We asked the staff to find a way to publicize the weekly news/bulletin in an online archive.

We looked at the whole year together, and determined which groups and/or  individuals would be in charge of organizing various events.

Laura Bell Book Tour

Laura Bell, daughter of Wayne and Virginia, will be in Nashville on March 31 to promote her memoir, published by Knopf, Claiming Ground. The publisher writes,

In 1977, Laura Bell, at loose ends after graduating from college, leaves her family home in Kentucky for a wild and unexpected adventure: herding sheep in Wyoming's Big Horn Basin. Inexorably drawn to this life of solitude and physical toil, a young woman in a man's world, she is perhaps the strangest member of this beguiling community.

By turns cattle rancher, forest ranger, outfitter, masseuse, wife and mother, Bell vividly recounts her struggle to find solid earth in which to put down roots. Brimming with careful insight and written in a spare, radiant prose, her story is a heart-wrenching ode to the rough, enormous beauty of the Western landscape and the peculiar sweetness of hard labor, to finding oneself even in isolation, to a life formed by nature, and to the redemption of love, whether given or received.

Quietly profound and moving, astonishing in its honesty, in its deep familiarity with country rarely seen so clearly, and in beauties all its own, Claiming Ground is a truly singular memoir.
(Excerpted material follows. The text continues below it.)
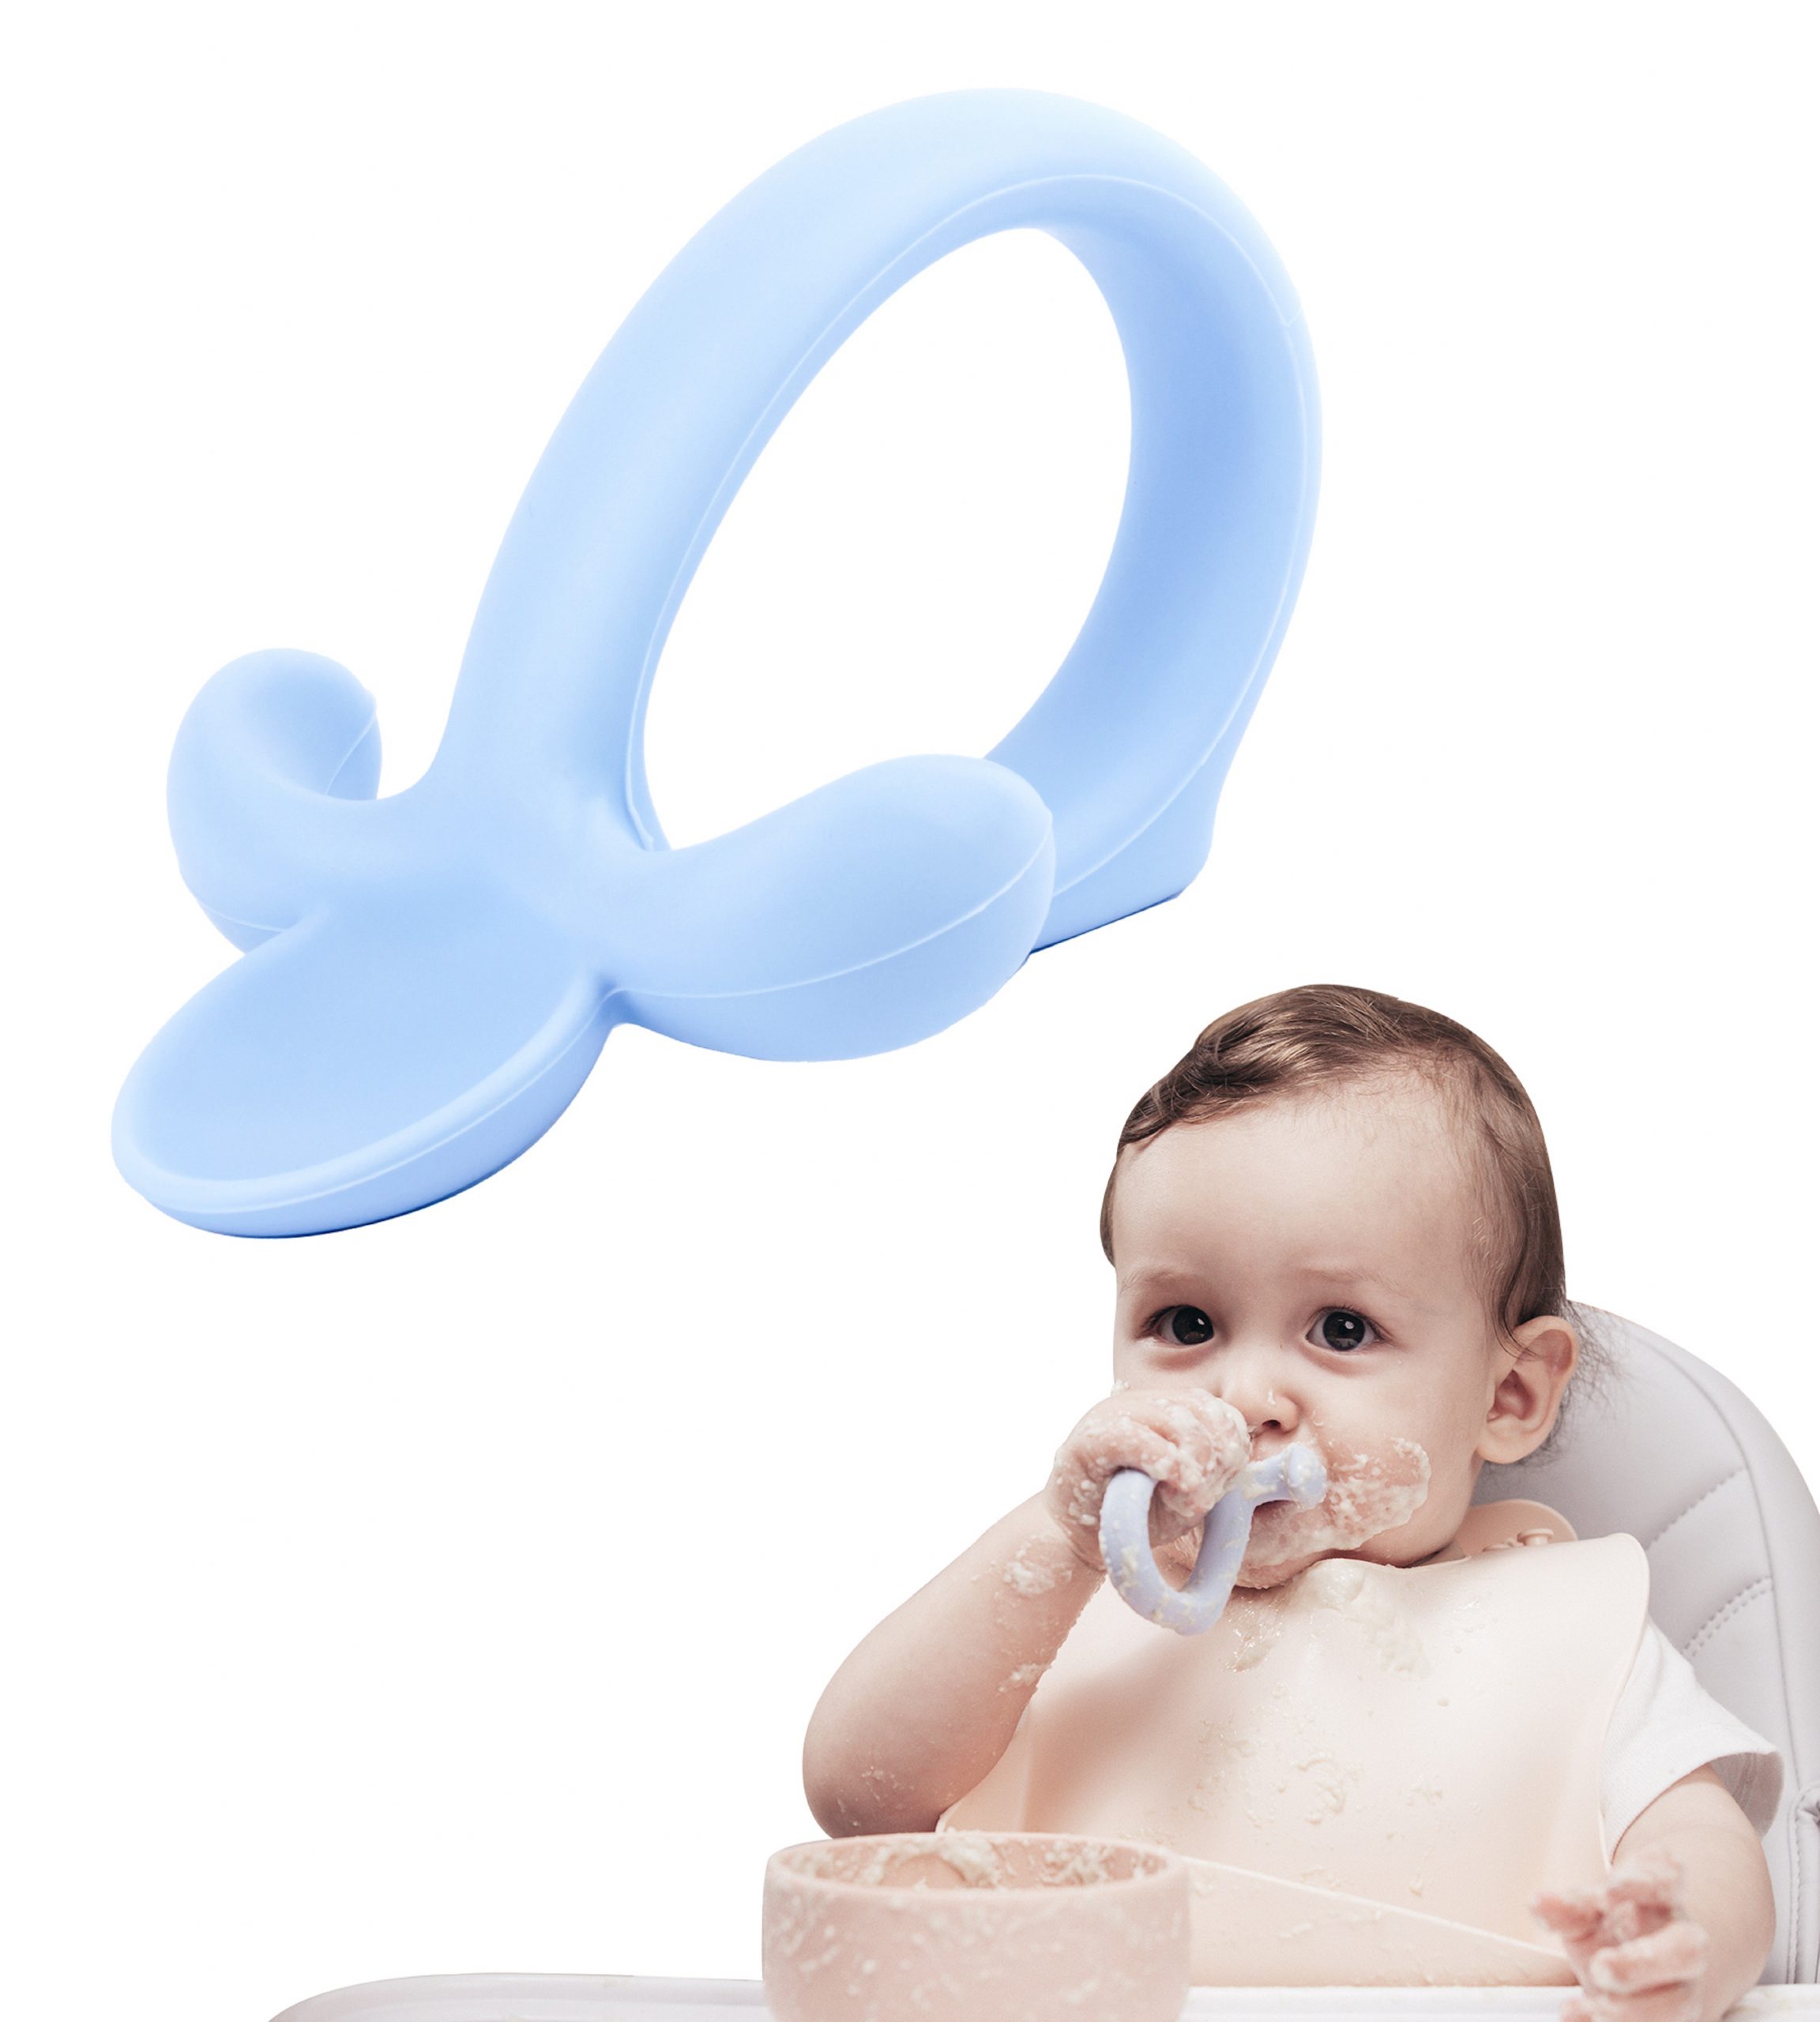 HOFISH Silicone Baby Training Spoons

Laura Bell’s work has been published in several collections, and from the Wyoming Arts Council she has received two literature fellowships as well as the Neltje Blanchan Memorial Award and the Frank Nelson Doubleday Memorial Award. She lives in Cody, Wyoming, and since 2000 has worked there for the Nature Conservancy.

Laura will be at Davis Kidd on Wednesday, March 31, at 7pm.

Worship tomorrow

As a community, we have spent significant time over the last two years talking about worship at Vine Street. The conversation was part of the Journey process from day one.
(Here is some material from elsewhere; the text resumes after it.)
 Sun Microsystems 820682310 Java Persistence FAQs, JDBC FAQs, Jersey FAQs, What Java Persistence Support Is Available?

In the late summer of last year, the Elders hosted a series of Worship Forums, where we looked at how Christian worship evolved over the centuries and how our Sunday morning services at Vine Street are structured.

The Elders asked me to put together a task group that would work on a proposal outlining changes we will make this year.

The group - Kathy Berhow (Chair of Worship Committee), Sarah Ligon (Deacon), Greg Rumburg (Elder), Pat Cole (who has served in every capacity imaginable), Stephen Moseley (Chair Elect of the Board), and myself - had our first meeting on Tuesday, March 16, where we clarified our goals (see below). I will continue to blog about the process, so you can follow our discussions.

These are the notes from our first meeting:

For the time being, we only look at Sunday morning; i.e., we won’t talk about Sunday evening, Wednesday evening, or Christmas.

Sunday morning currently means 8:30 chapel/9:30 christian education/10:45 sanctuary; we will discuss this arrangement and its merits.

From the Journey Story we get two key directives:

  • “clear profile” – How do we describe what makes any worship service a Vine Street service (outside of our people)?
  • “unique format” – How and why does each differ from the other?

We will

  • Refer to the Journey notes when appropriate
  • Take concrete action by June 2010
  • Make changes motivated by who we say we become according to the Story
  • Pay attention to how changes are introduced and implemented, and measure the response
  • Look at worship as the core of what we do as a church, and let it define who we are and what we do in education and other areas of our ministry
  • Make worship easy and meaningful for those for whom it has become a chore
  • Keep three dimensions in view at all times during our conversations

o    What is at the heart of worship?
o    What are the logistics?
o    How does this shape us as a community?

When we come together again, we will have thought about and answered two questions:

What is, for me, at the heart of Vine Street worship?

What is, the way I observe it, at the heart of Vine Street worship for Vine Streeters?